The other thing is that we as a nation have never been good at fighting more than one war at a time. Lyndon Johnson failed at both the War on Poverty and in his pursuit of the War in Vietnam. Nixon failed with Vietnam because of his expansion into Cambodia and Laos and his paranoid attack on dissidents at home. Even unto your predecessor’s two front war in Iraq and Afghanistan, you have seen our inability to win in either theater because of a divided attention. This of course doesn’t even address the problems caused when a president leads our nation into war unjustifiably. And please don’t assume that sending more soldiers into Afghanistan will succeed when history tells us that this is not necessarily true.
One of my pet peeves that has grown up along with these conflicts over the last few years is that every time a president anoints the leader of a new mission to fight some problem, he names them as a “czar” of this agency or that and I can’t think of a title that is less democratically symbolic. First of all the term comes from an entirely different tradition than ours, Russian Imperialism, and connotes a kind of supreme authority that is above reproach and question. This kind of title has nothing to do with the ideal of the democratic “rule of law,” as I believe it is duty of every citizen to question authority and to confront illegitimate uses of power.
Next on my suggestion list is that in light of the current crisis of capitalism and the veritable monetary freefall precipitated by the ideology of free market purists, obviously re-regulating banks, Wall Street brokerages, insurance companies and energy markets is mandatory. The current budget crisis in California originated with the deregulation and the Enron gaming of our energy market in much the same way oil prices were speculated out of control in 2007-08. This has to stop! Further, if you are of a mind to bail out somebody, then the State of California should be on the top of your list. As the fifth largest economy in the world, as the doorway to Pacific Rim trade and as the largest population in the nation, helping to solve our budget crisis and helping break the partisan impasse in Sacramento would swiftly lead the nation in economic recovery.
Lastly, I applaud your commitment to close Guantanamo and to reestablish the legitimate rule of law for all prisoners.
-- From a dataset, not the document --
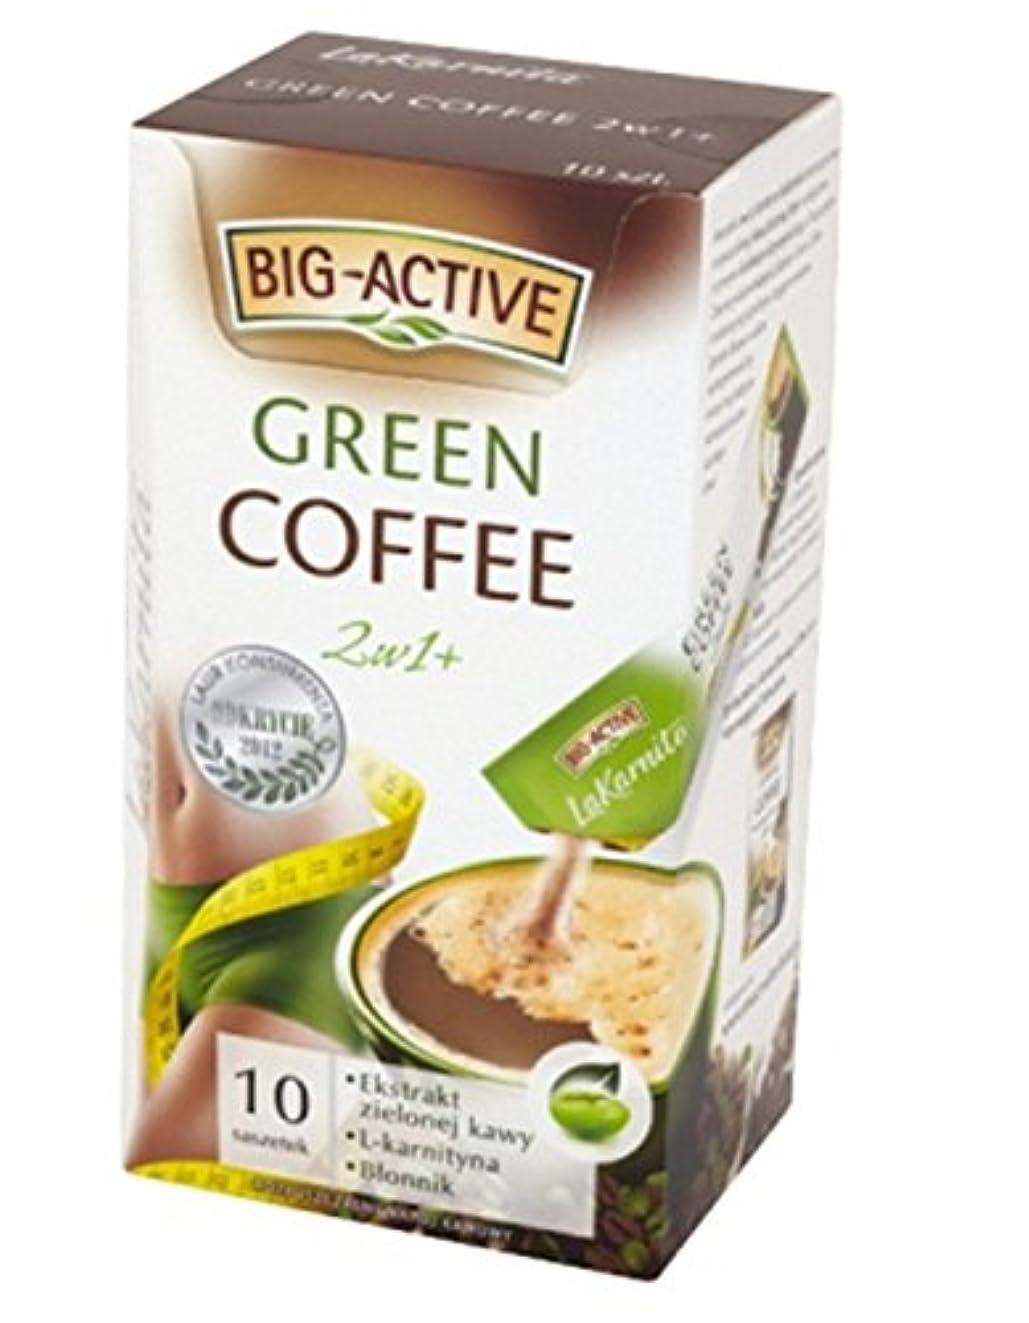 アスペクト失礼フレッシュスリミン グリー グコーヒー/5 boxes Big Active La Karnita Green Coffee Slimming Sachet 2 IN 1

We also need to analyze and change our entire justice and prison system with the understanding that we spend more per capita on incarceration and prosecution of non-violent criminals than we do on educating young people to give them legal options. In times of economic hardship, we need to reserve expensive institutional punishment for those who truly deserve it while, diverting our resources to prevention, education and training for those most at risk, the least of our citizens.
I learned long ago that the foundation of our Republic resides in our elementary schools where children learn to read and in our middle school where they learn to reason and in our high school where they should learn to think critically. If we fail as a nation to invest in these basic institutions and instead invest more for incarceration we will end up as just as we started, in part– a penal colony–in which there is only a dream of freedom and not the accomplishment of it.